** Opening Supplied data block **
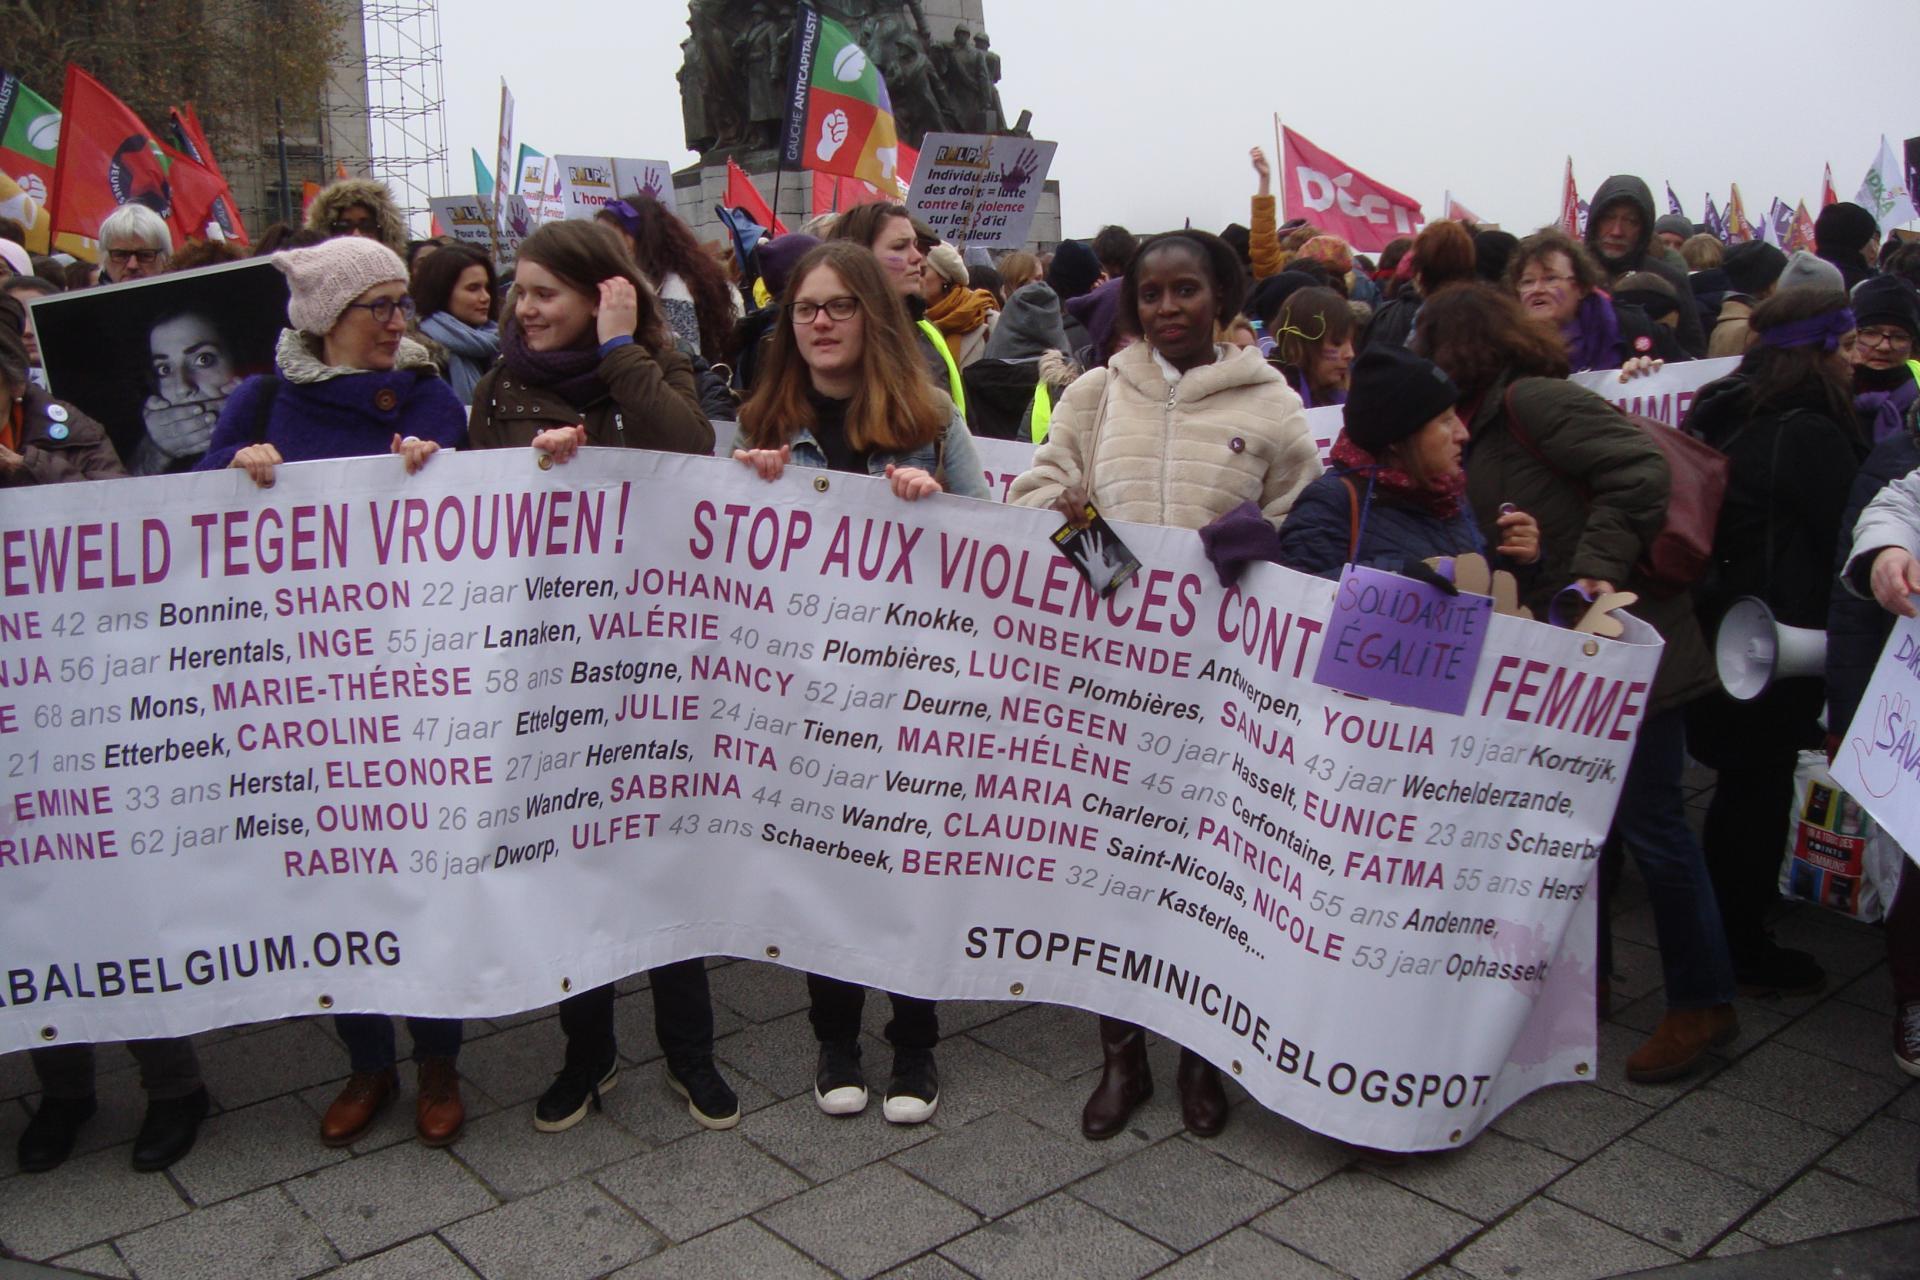 25 novembre 2018 Manif contre violences faites aux Femmes - Place Poelaert à BXL
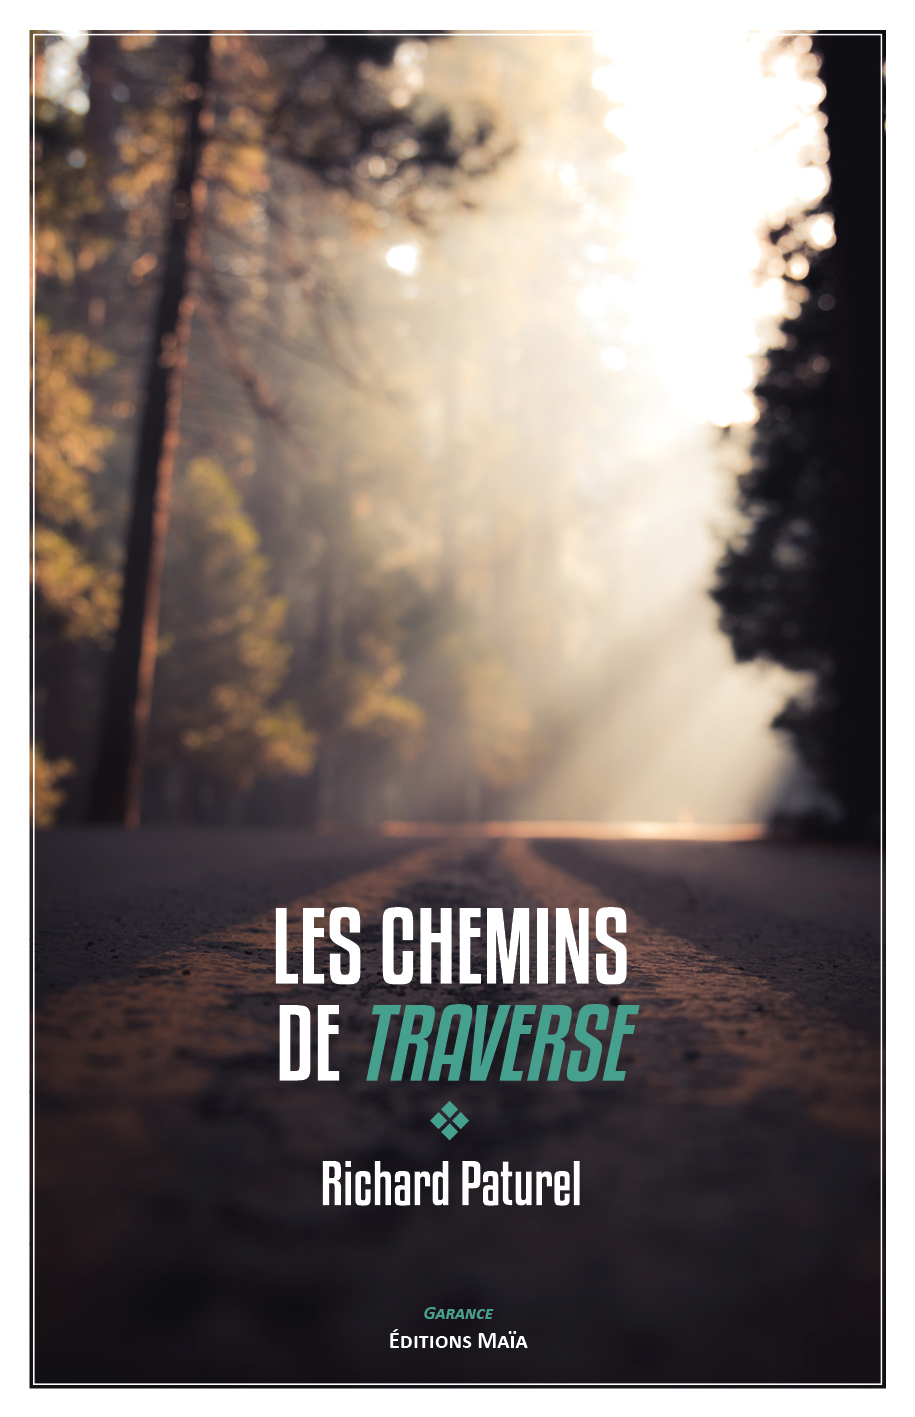 Entretien avec Richard Paturel – Les Chemins de traverse
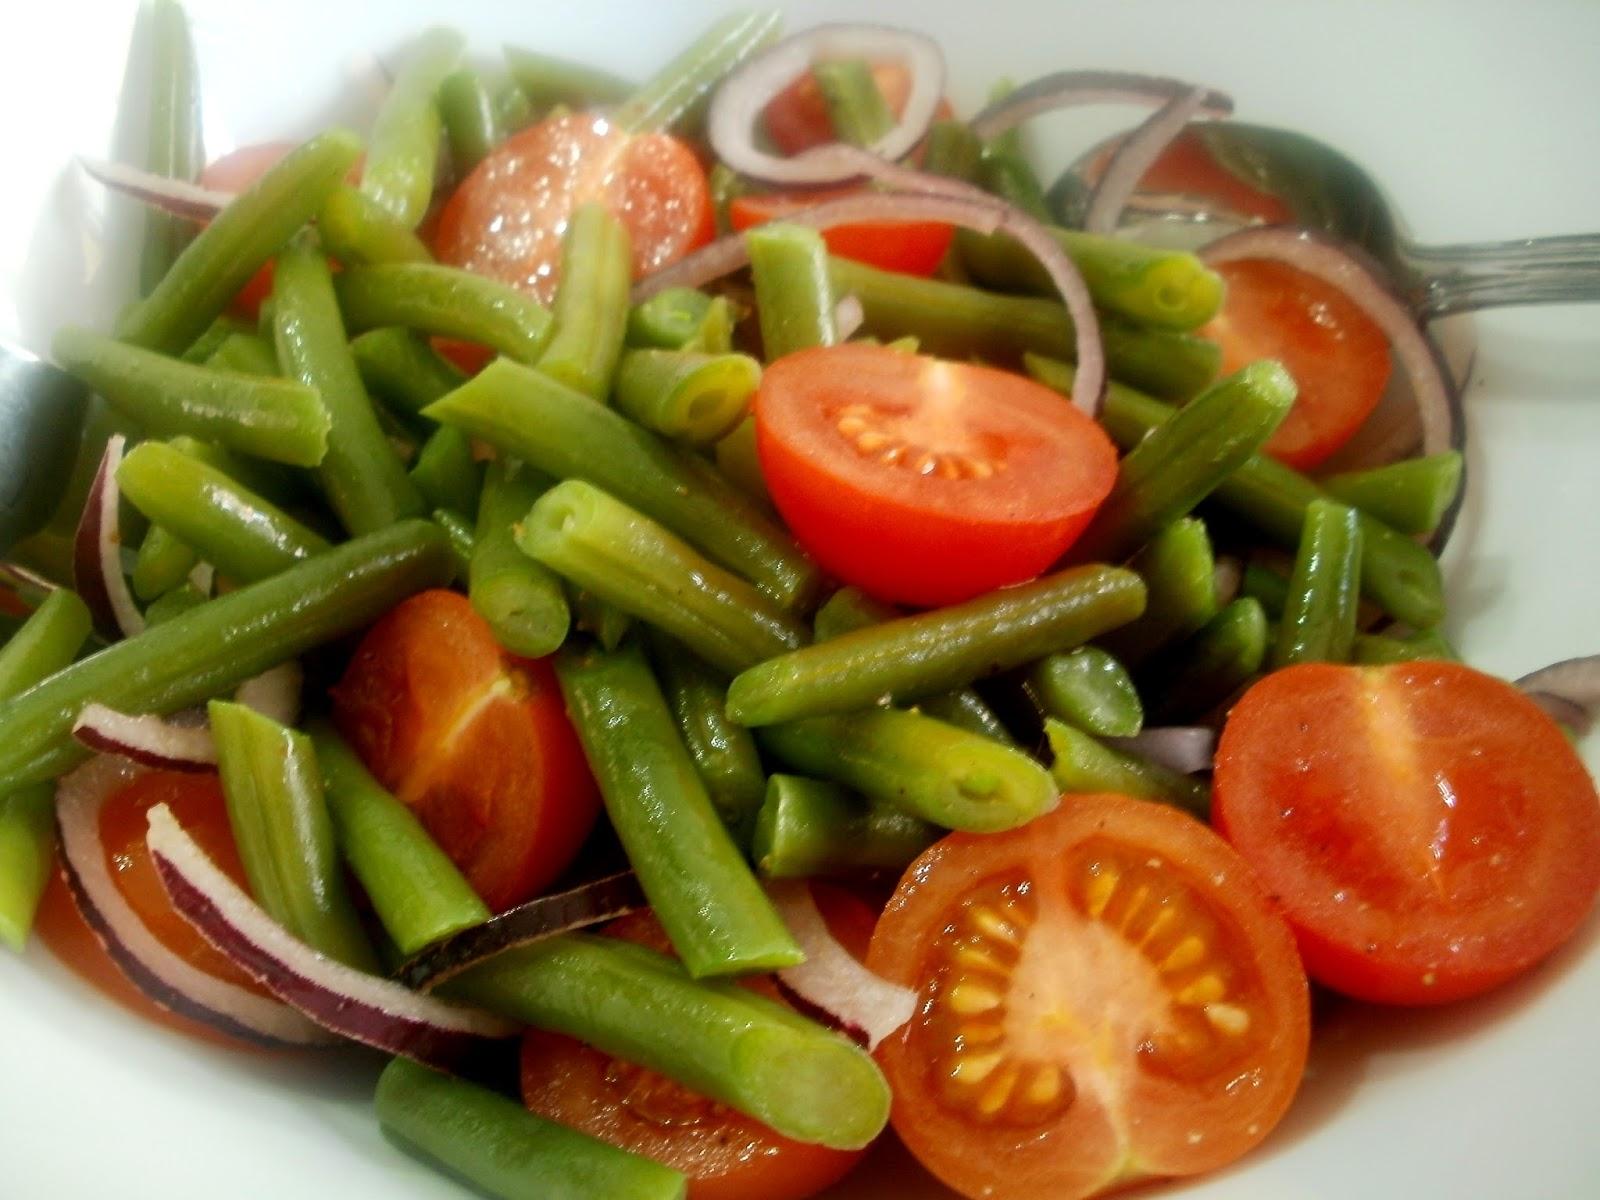 Ensaladas de habichuelas verdes
** Closing Supplied data block **
_Problem requirements_
Transcribe exactly the lines above, running from the one that contains "Entretien avec Richard" through the final line of the listing, and skip every picture.

_Exercise answer_
 Entretien avec Richard Paturel – Les Chemins de traverse
 Ensaladas de habichuelas verdes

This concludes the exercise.